Route of administration:
oral: gavage
Doses:
1, 2, 4, 8 ml/kg
No. of animals per sex per dose:
2
Control animals:
not specified
Details on study design:
- Duration of observation period following administration: 9 days
- Frequency of observations and weighing: daily
- Other examinations performed: clinical signs

Results and discussion

Effect levelsopen allclose all
Key result
Sex:
male
Dose descriptor:
LD50
Effect level:
> 8 mL/kg bw
Remarks on result:
other: (~6984) mg/kg/bw)
Key result
Sex:
female
Dose descriptor:
LD50
Effect level:
4 mL/kg bw
Remarks on result:
other: (~3492 mg/kg/bw)
Mortality:
One female at the 4 ml/kg dosage died on day 7 of the study.

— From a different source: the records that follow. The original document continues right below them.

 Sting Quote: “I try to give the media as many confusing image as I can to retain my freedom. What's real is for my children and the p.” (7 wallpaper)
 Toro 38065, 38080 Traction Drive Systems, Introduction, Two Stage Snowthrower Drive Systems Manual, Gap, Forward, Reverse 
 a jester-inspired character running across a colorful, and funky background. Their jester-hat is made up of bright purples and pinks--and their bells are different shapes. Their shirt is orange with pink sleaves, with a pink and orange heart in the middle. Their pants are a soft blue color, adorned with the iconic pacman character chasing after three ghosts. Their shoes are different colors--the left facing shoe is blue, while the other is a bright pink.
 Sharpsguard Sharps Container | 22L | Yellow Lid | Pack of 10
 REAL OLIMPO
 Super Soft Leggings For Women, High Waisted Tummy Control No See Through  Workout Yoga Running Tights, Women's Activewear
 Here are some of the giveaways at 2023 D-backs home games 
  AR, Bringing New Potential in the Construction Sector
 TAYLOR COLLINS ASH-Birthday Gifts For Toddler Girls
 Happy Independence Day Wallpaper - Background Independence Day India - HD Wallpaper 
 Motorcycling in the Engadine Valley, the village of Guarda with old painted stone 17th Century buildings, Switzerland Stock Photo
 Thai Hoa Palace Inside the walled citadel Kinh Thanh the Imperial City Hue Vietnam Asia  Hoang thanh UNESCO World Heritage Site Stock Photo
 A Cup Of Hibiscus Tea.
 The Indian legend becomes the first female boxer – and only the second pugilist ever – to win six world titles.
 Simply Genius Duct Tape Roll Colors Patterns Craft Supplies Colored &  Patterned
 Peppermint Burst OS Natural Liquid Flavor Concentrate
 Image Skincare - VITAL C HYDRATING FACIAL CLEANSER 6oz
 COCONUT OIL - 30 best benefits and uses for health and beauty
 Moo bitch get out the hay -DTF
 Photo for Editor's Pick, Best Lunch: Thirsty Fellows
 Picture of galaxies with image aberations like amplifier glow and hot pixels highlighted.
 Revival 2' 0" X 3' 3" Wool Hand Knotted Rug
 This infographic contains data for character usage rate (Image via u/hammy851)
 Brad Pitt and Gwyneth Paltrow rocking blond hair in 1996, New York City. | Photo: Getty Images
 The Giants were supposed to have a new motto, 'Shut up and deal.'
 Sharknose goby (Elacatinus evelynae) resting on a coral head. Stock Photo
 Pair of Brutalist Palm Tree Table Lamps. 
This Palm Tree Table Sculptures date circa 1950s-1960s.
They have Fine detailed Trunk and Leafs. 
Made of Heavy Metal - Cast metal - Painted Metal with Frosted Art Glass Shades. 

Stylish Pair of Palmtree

The two females given dosages of 8 ml/kg died on day 7 of the study. No males at any dosage level died during the study.
Clinical signs:
other: One female from the 8 ml/kg dosage group became ataxic on day 4, a condition that persisted until the death of the animal on day 7.

Applicant's summary and conclusion

Interpretation of results:
other: Not classified
Remarks:
Criteria used for interpretation of results: EU
Conclusions:
The LD50 for female rats was 4 ml/kg bw. The LD50 for male rats was > 8 ml/kg (6984 mg/kg/bw). Given the relative density of 0.873 g/ml for the test substance, the LD50 for female rats is equivalent to 3492 mg/kg bw, at which level the test substance is considered not classifiable.
Executive summary:

This study was conducted to determine the acute oral toxicity of Hydrocarbons, C9, aromatics to rats. 2 male and 2 female rats dosed with 1, 2, 4, or 8 ml/kg of test substance via oral gavage. One female rat in the 4 ml/kg exposure group died, and both females in the 8 ml/kg exposure group died after showing signs of lethargy and ataxia. None of the male rats in the study died. The LD50 for female rats is then 4 ml/kg. The LD50 for male rats is > 8 ml/kg (6984 mg/kg bw). According to EU GHS guidelines, the test substance is not classified as being toxic.